I’m the best swimmer here…


Phil is the worst…


      But the bottom here is a really gentle slope. I know he’ll be able to stand soon. That’s good, but what am I going to do? I have one mutilated ankle, and one that’s just sprained, and I’ve lost one of my socks. My sock! If I can get go shore, I think, I can use my sock as a tourniquet to stop the blood loss. I reach my arm out to swim and that’s when the thing grabs my left forearm. My right hand shoots out and grabs for a body, but it’s so slimy that it slips and catches the spine of a fin. Not a shark. It’s some kind of huge fish.
      I ball my left hand up into a fist and pull. I can feel everything in my arm being torn open and I know I’m probably dead, but I’m not giving up without a fight.

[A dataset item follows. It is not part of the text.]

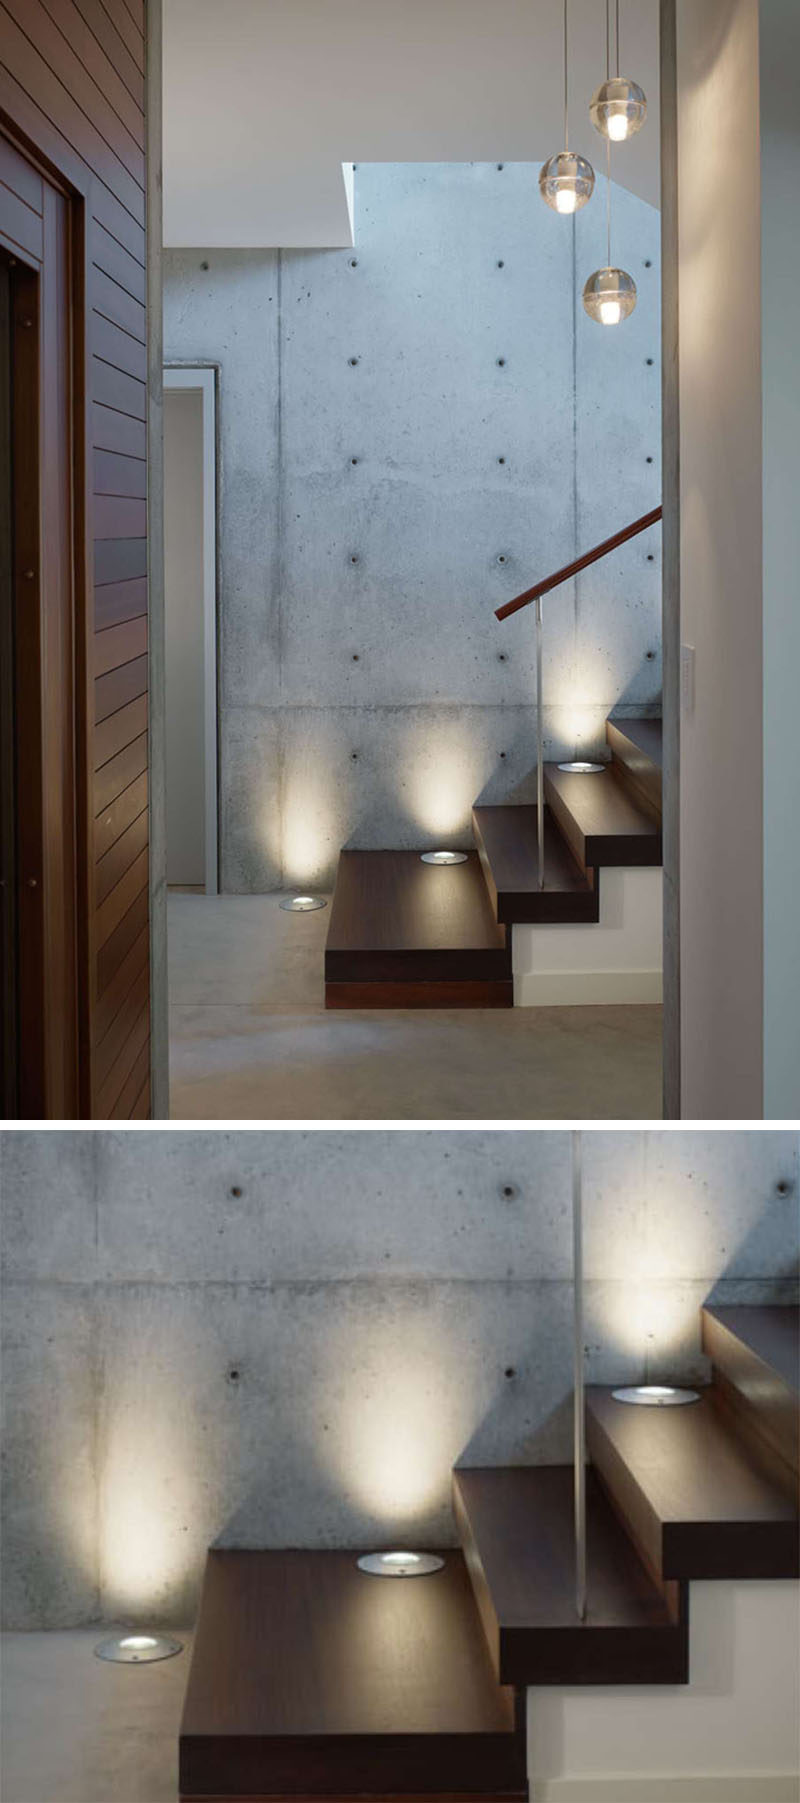 7 Interiors That Use Dramatic Uplighting To Brighten A Space // Embedded lights guide people up the stairs in this home, and add both style and safety elements to the staircase.

I clap my right hand around the other side of the head and then jab my whole finger into the eye socket. It worked. The jaws release, and at the same time my left foot lands on a rock. I push myself toward shore and then somehow I’m on land. Phil is standing over me. He’s got the sock wrapped around my forearm and he’s torquing it down hard with a stick.
      That’s all I remember. I blacked out after that. When I woke up I was in a hospital bed. How Phil got Mikey and I out of there I’ll never know. He doesn’t like to talk about it. But he did tell me one thing. He said that, as he was pulling me out of the shallows, the fish came for me one more time. It was at least six feet long, and well over a hundred pounds. He’d pulled me out just in time, but in the moonlight he could see that it was a pike. He said that when he looked at it, it looked right back at him, and its one good eye shone red in the moonlight.